Тот отрицательно мотает головой, рот его полон крови и он не может говорить.
— Австрия? Остеррейх?
Пулеметчик кивает утвердительно головой и вытягивается.
— Ну, приятель, не обессудь! Мы тебя к себе не звали.
Сняв заслон фашистов, мы возвращаемся к горящим сараям. Колонна на Городище уже ушла. Прошли и преследующие ее по пятам отряды фашистов. Наши командиры совещаются, как быть. В сполохах пламени из темноты выступают строгие встревоженные лица. Пришел из деревни седой старичок и долго растолковывает командирам, как идти на восток.

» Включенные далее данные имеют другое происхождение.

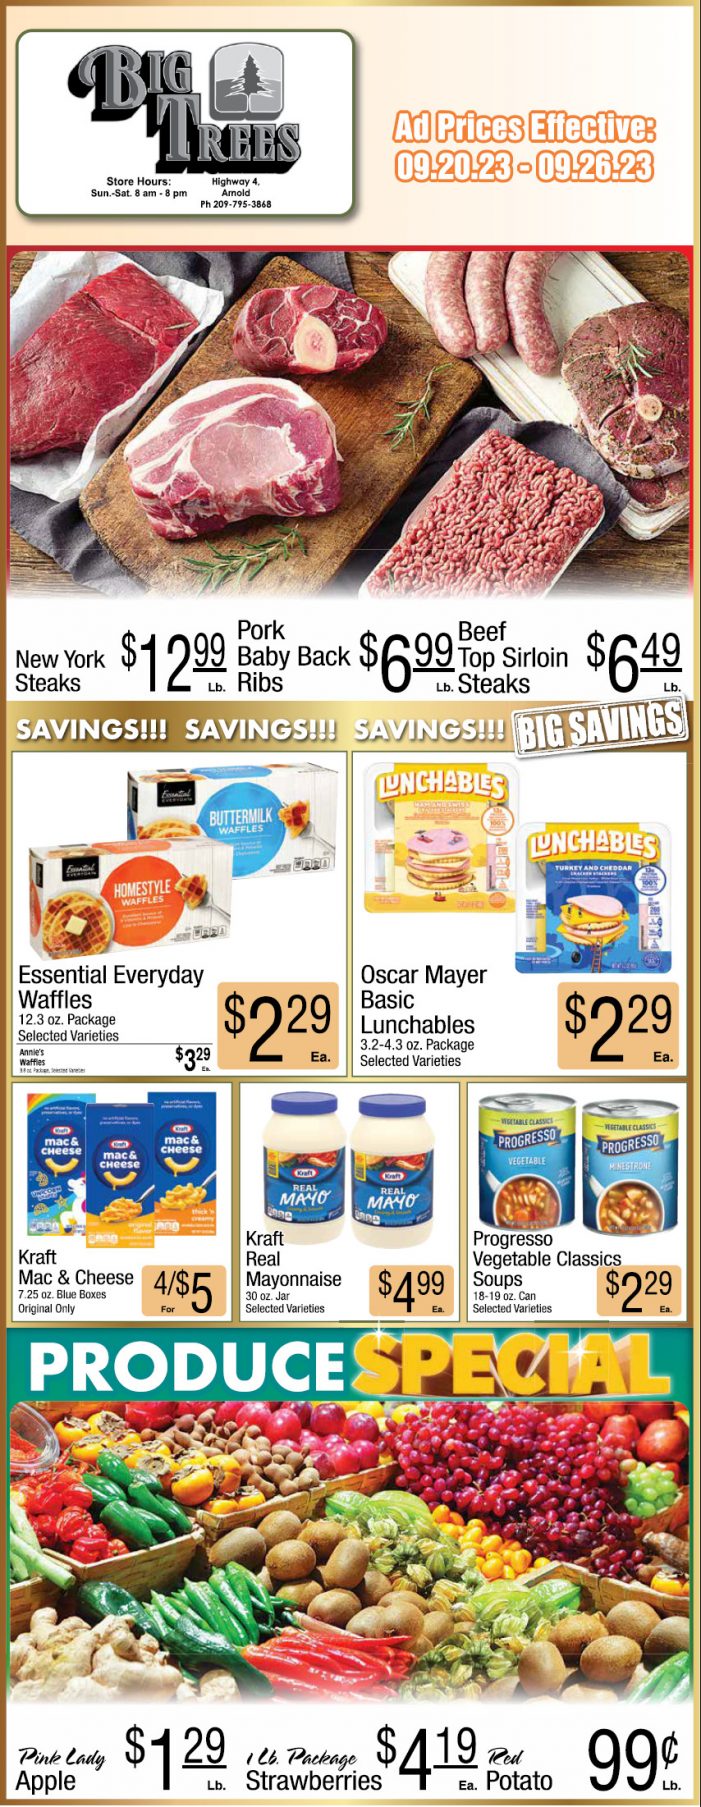 Big Trees Market Weekly Ad, Grocery, Produce, Meat & Deli Specials Through September 26th!  Shop Local & Save!

Он убеждает, что лучше идти не той дорогой, по которой двинулась колонна Кирпоноса, а этой, где мы смяли заслоны. Эта дорога идет понад лесом, там можно укрыться в случае, если навалятся немецкие танки — днем их много было в селе.
Командиры решают двигаться этой дорогой. В отряде около трехсот человек. Раненых везут на повозках. Зарево горящих сараев остается позади и долго еще маячит в ночи. Под покровом темной осенней мглы мы, построившись в колонну, идем по дороге.
Черная степь живет тревожной жизнью. Нет-нет и взлетает в стороне яркая осветительная ракета. Долго висит она в темном небе и отбрасывает от нас длинные движущиеся тени.
Мы прем напролом и не обращаем на ракеты внимания. Временами тарабанят пулеметы и автоматы. Мы на них не отвечаем. Иногда впереди или в стороне вдруг начинает гудеть мотор, вспыхивают яркие фары немецкого танка и гупает выстрел его пушки. Если танк впереди, мы его обходим стороной. Стараемся сохранять тишину, но разве можно пройти неслышно такой колонне? Гудит земля от топота сотен ног, стонут в повозках тяжело раненные, фыркают кони.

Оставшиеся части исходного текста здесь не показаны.